Table 1: Detection limits for the secondary components:

Table 2: Comparison of the secondary component contents in the pigment from batch synthesis or microreactor synthesis with subsequent solvent washing and membrane purification.

nicht nachweisbar, d.h. kleiner als Nachweisgrenze gemäß Tabelle 1.

not detectable, ie less than the detection limit according to Table 1.

Example 2: C.I. Pigment Red 146

Steps a) - d) were carried out analogously to Example 1. The pigment obtained after step c) had an anise base, chloromethoxyaniline, anise base triazene and Naphtol AS content below the respective detection limit.
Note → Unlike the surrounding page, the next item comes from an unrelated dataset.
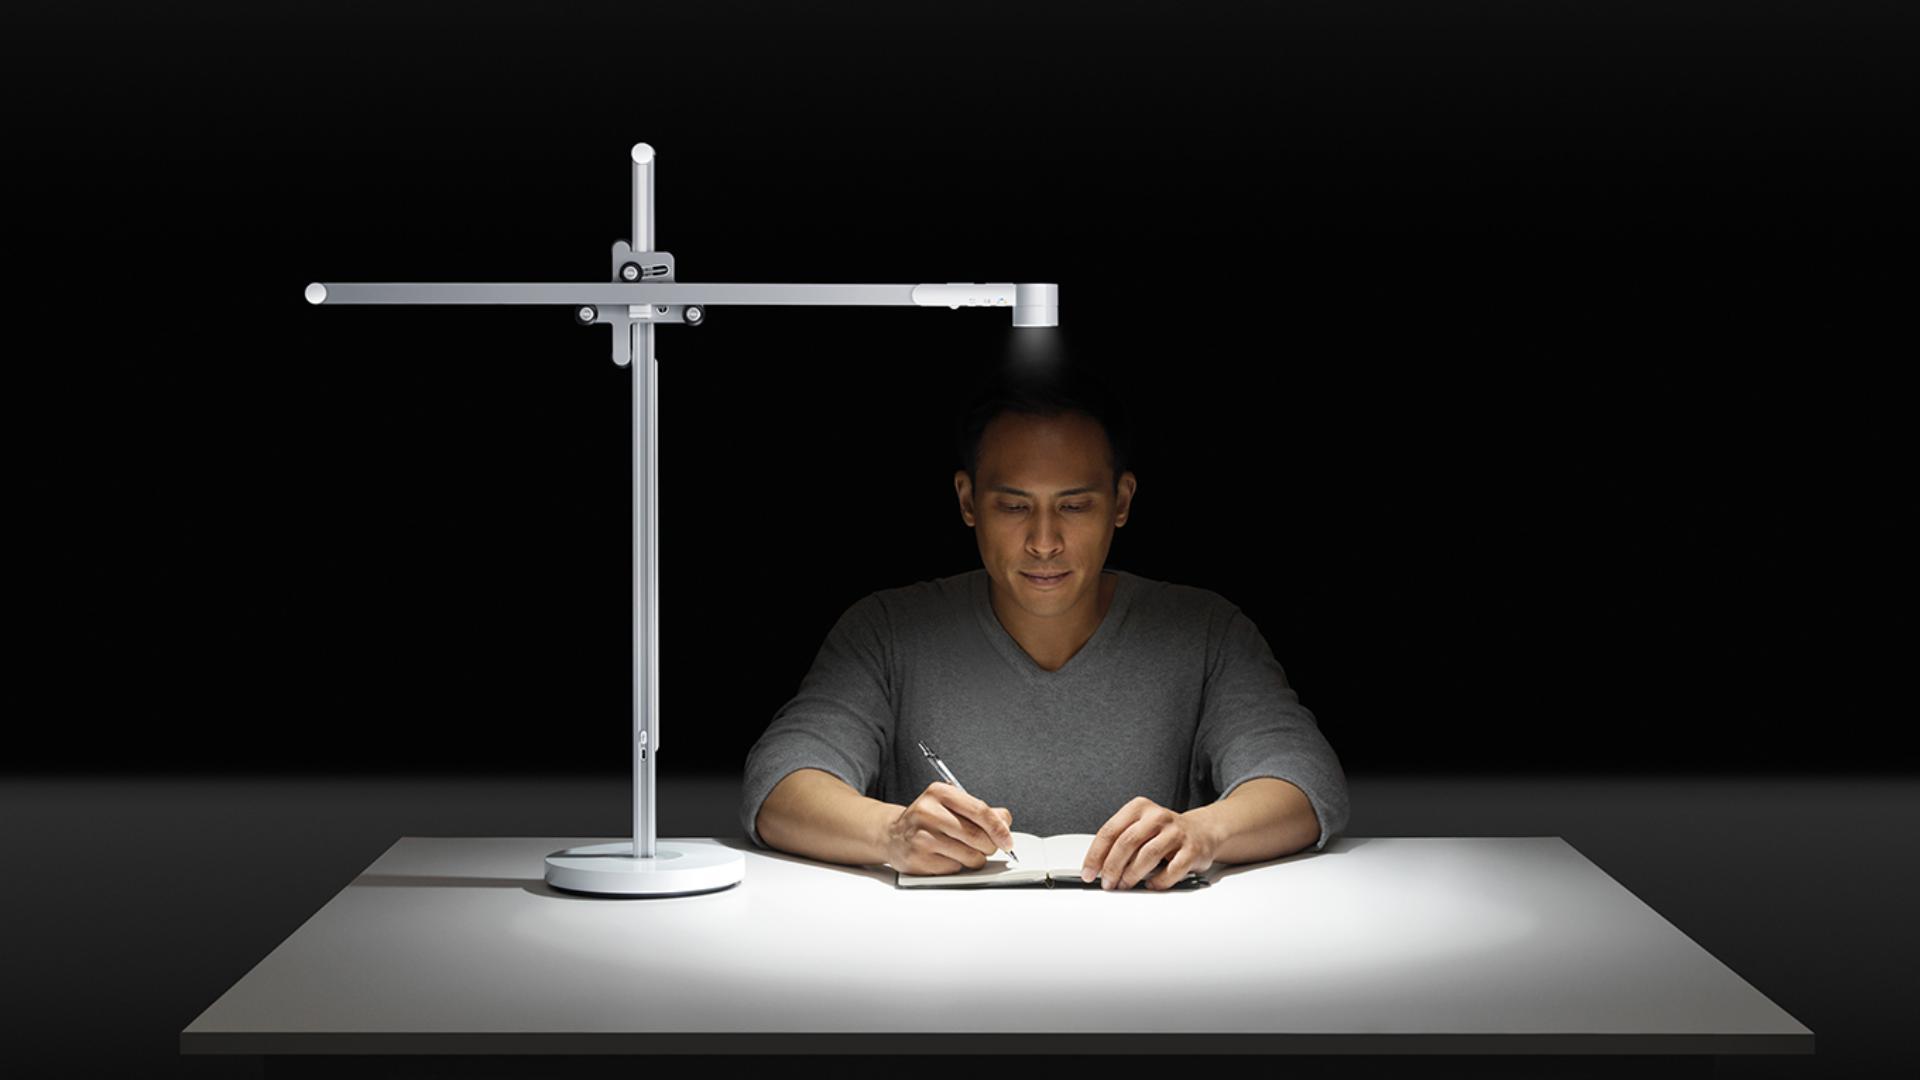 Un hombre trabajando bajo una potente luz de escritorio

Example 3: Cl Pigment Red 147

Steps a) - d) were carried out analogously to Example 1. The pigment obtained after step c) had an anise base, chloromethoxyaniline, anise base triazene and Naphtol AS content below the respective detection limit.
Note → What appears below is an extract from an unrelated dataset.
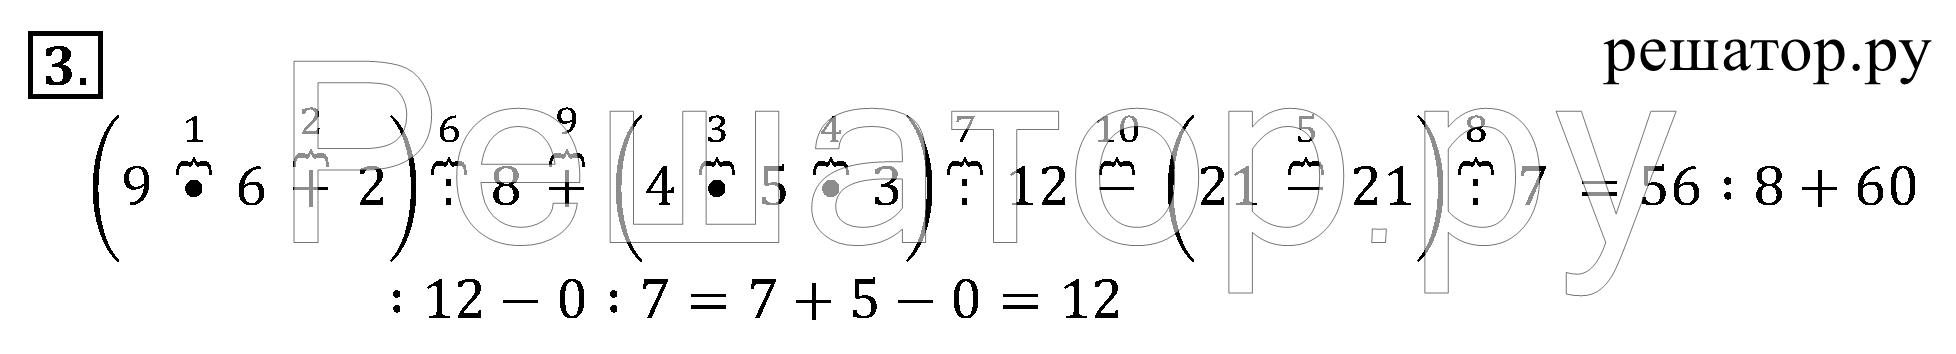 ГДЗ к самостоятельным и контрольным работам по математике класс  Самостоятельная работа к урокам 30 31 стр 27 28 1 2 3 4 5 Самостоятельная работа к урокам 32 33 стр 29 30 1 2 3 4 5 Контрольная работа к урокам

Comparative Examples 2 and 3:

Average values of a total of 80 batch batches: Anis base 519 ppm

Chloromethoxyaniline 32 ppm

Anise base triazene 446 ppm

Naphtol AS 1, 10%

Claims

claims: 1) Naphthol AS pigment of the formula (IV)
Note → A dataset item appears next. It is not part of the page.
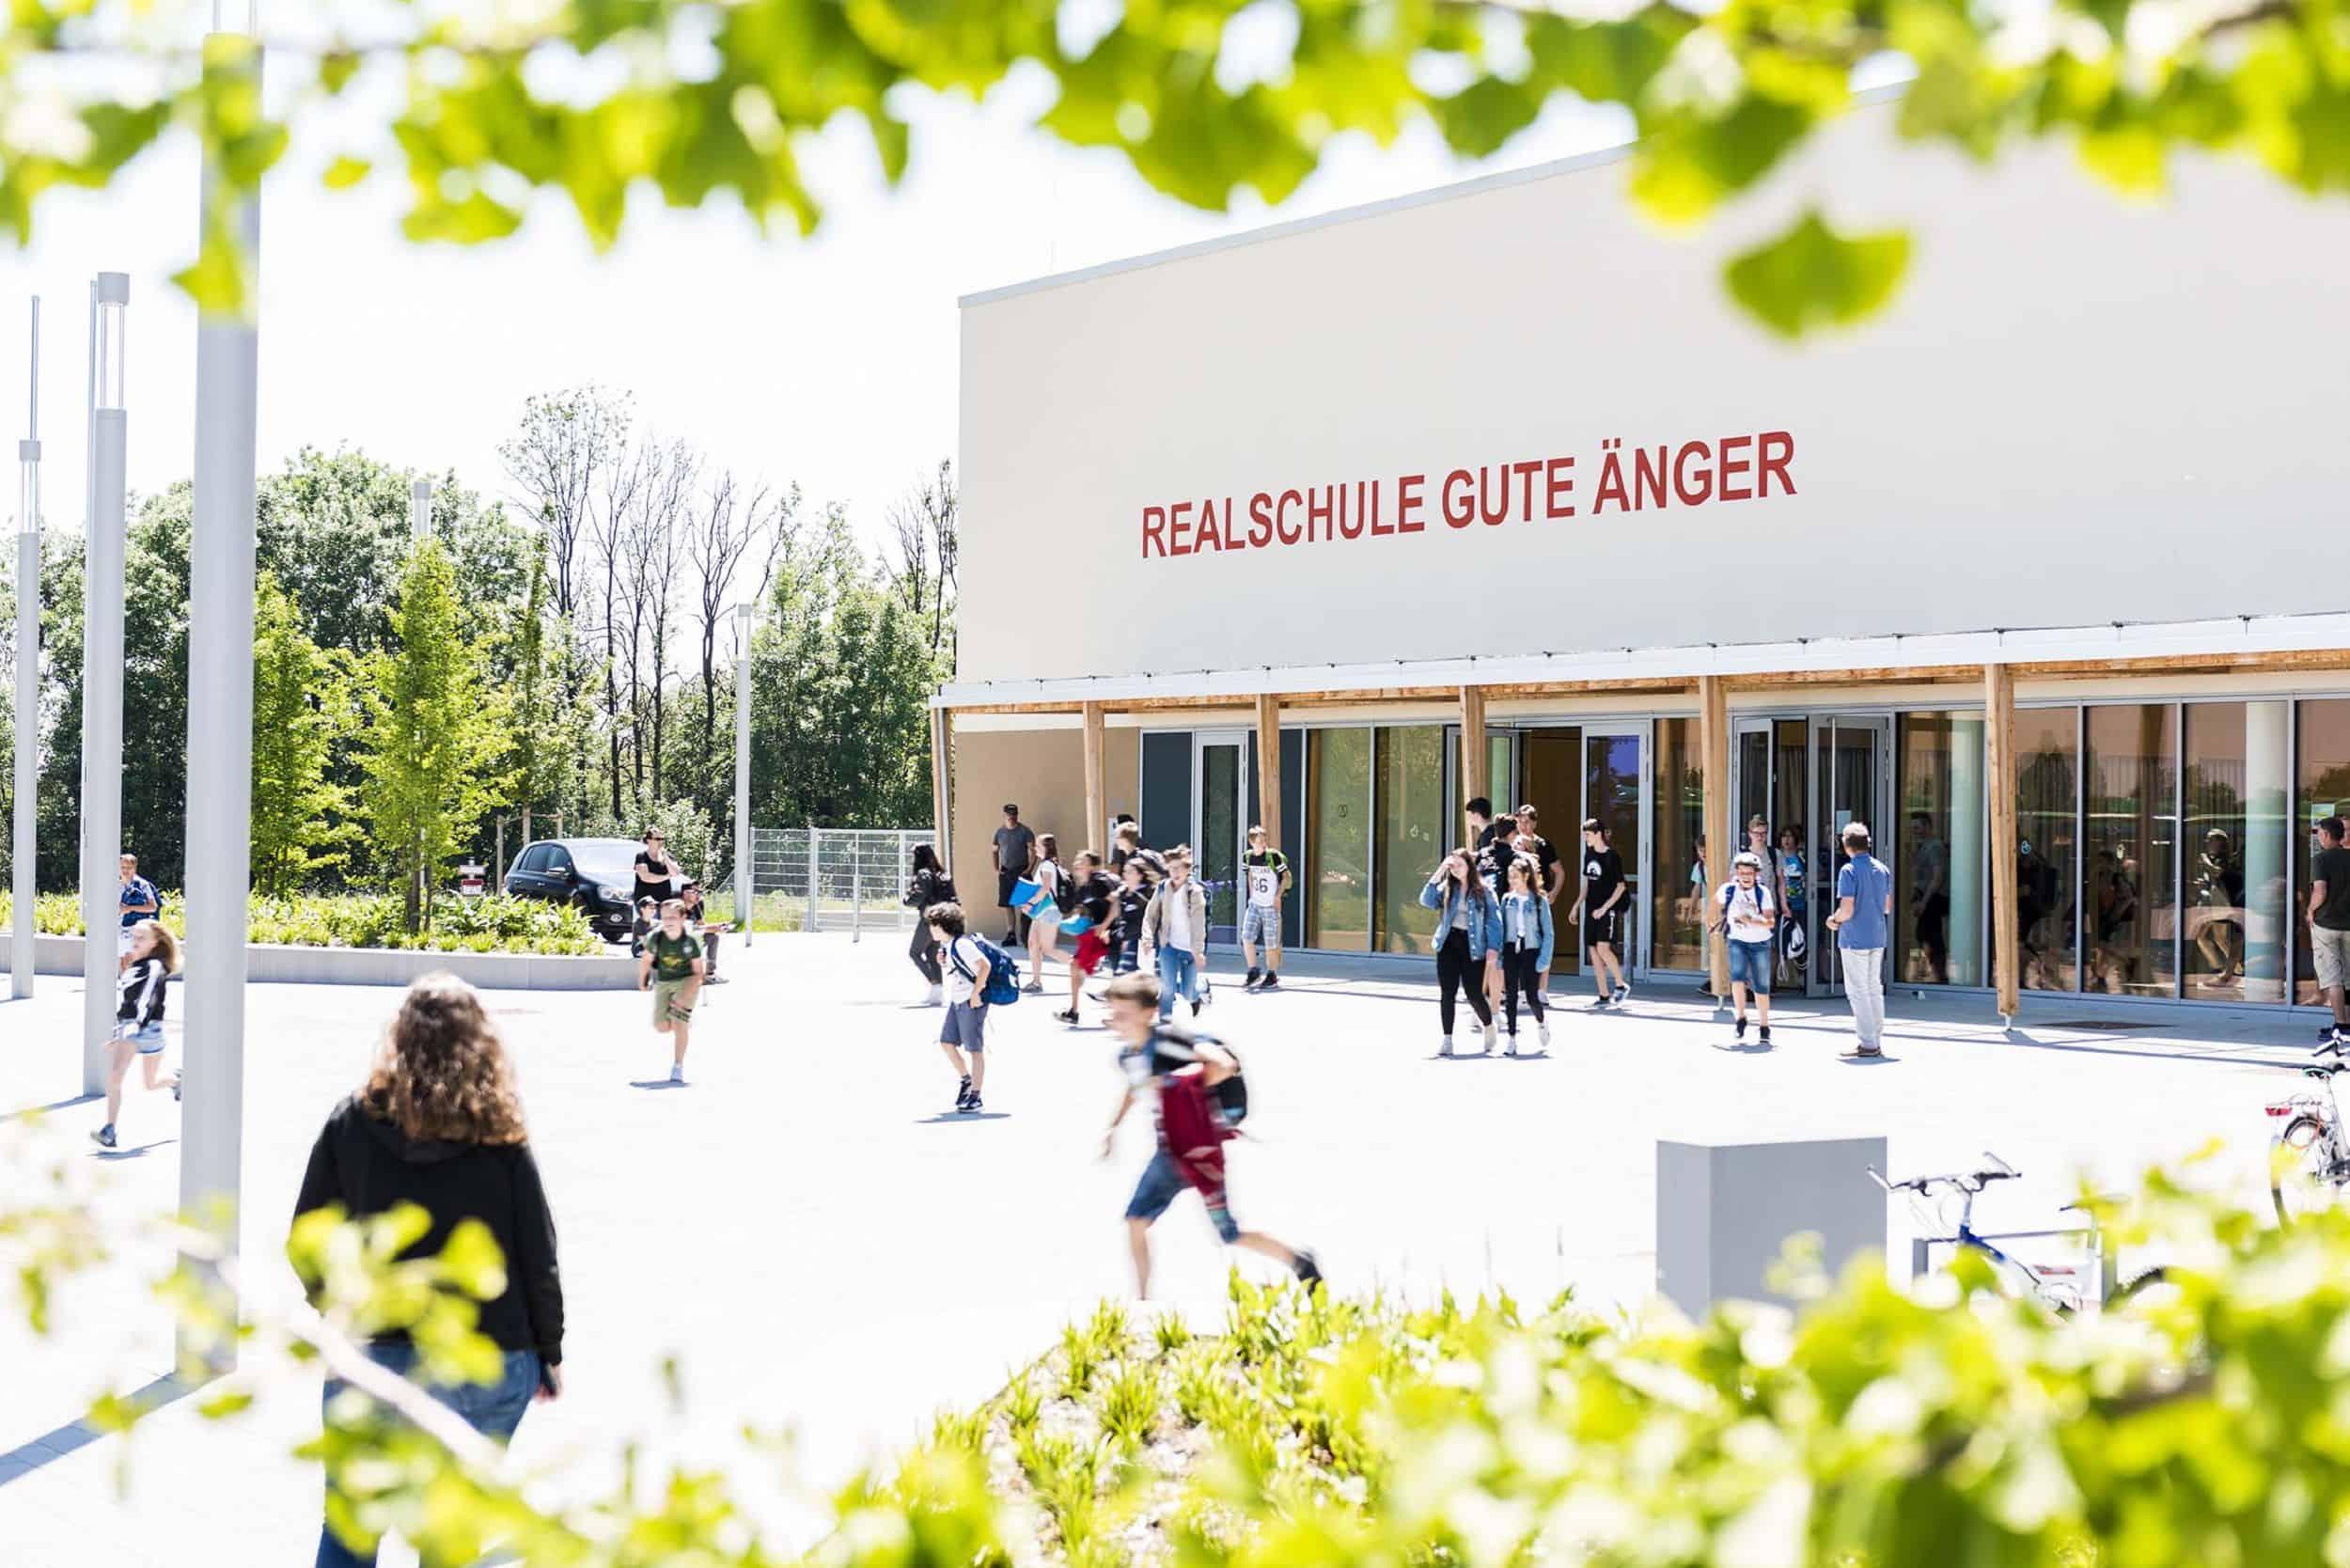 Bild: Vorplatz der Realschule Gute Änger in Freising, Foto: Johann Hinrichs Photography

wherein Xi hydrogen, halogen, nitro, carbamoyl, phenylcarbamoyl, sulfamoyl, phenylsulfamoyl, CrOrAlkylsulfamoyl or di (-C-C) alkylsulfamoyl; X _{2 is} hydrogen or halogen; Y is hydrogen, halogen, nitro, dC ₄ alkyl, CC ₄ alkoxy or dCr alkoxycarbonyl; and Z is phenyl, naphthyl, benzimidazolonyl, phenyl or phenyl substituted by halogen, nitro, C 1 -C 4 -alkyl and / or C 1 -C 4 alkoxy, with a maximum content of the secondary components (1) to (5) below, defined by following upper limits:

where Ar is the meaning

determined by high pressure liquid chromatography. 2) Pigment according to claim 1, characterized by a content of the secondary component (1) of at most 80 ppm. 3) Pigment according to claim 1 or 2, characterized by a content of the secondary component (1) of at most 60 ppm. 4) pigment according to one or more of claims 1 to 3, characterized by a content of the secondary component (5) of at most 200 ppm. 5) pigment according to one or more of claims 1 to 4, characterized by a content of the secondary component (5) of at most 100 ppm. 6) pigment according to one or more of claims 1 to 5, characterized in that Y is hydrogen, methoxy, methoxycarbonyl, methyl or chlorine; Xi is in the 5-position and has the meaning hydrogen, chlorine, nitro, carbamoyl, phenylcarbamoyl, sulfamoyl, phenylsulfamoyl, methylsulfamoyl or dimethylsulfamoyl; X _{2 is} at the 4-position and is hydrogen or chlorine; and Z is a phenyl substituted with chlorine, nitro, C ₁ -C ₂ -alkyl and / or CrC ₂ -alkoxy. 7) pigment according to one or more of claims 1 to 6, characterized in that it is a pigment from the group Cl Pigment Red 146, 147, 176, 184, 185 and 269. 8) Method for producing a naphthol-AS pigment according to one or more of claims 1 to 7, characterized in that (a) at least the azo coupling is carried out in a microreactor, (b) the naphthol AS pigment produced in the microreactor with an organic solvent from the group of the C ₃ -C ₆ alcohols, the C -C ₀ - ether alcohols and the halogenated aromatics at a temperature of 0 to 60 ° C in intensive Is brought in contact, and / or (c) the naphthol AS pigment produced in the microreactor is subjected to membrane purification in an aqueous or solvent-containing suspension. 9) Use of a naphthol AS pigment according to one or more of claims 1 to 7 for pigmenting high molecular weight organic materials of natural or synthetic origin, in particular plastics, resins, lacquers, paints, electrophotographic toners and developers, electret materials, color filters and inks, Printing inks and seeds. 10) Use according to claim 9 for pigmenting one- or two-component powder toners, magnetic toners, liquid toners, Polymerization toners, of ink-jet inks, as colorants in color filters and as colorants for electronic inks or "electronic paper".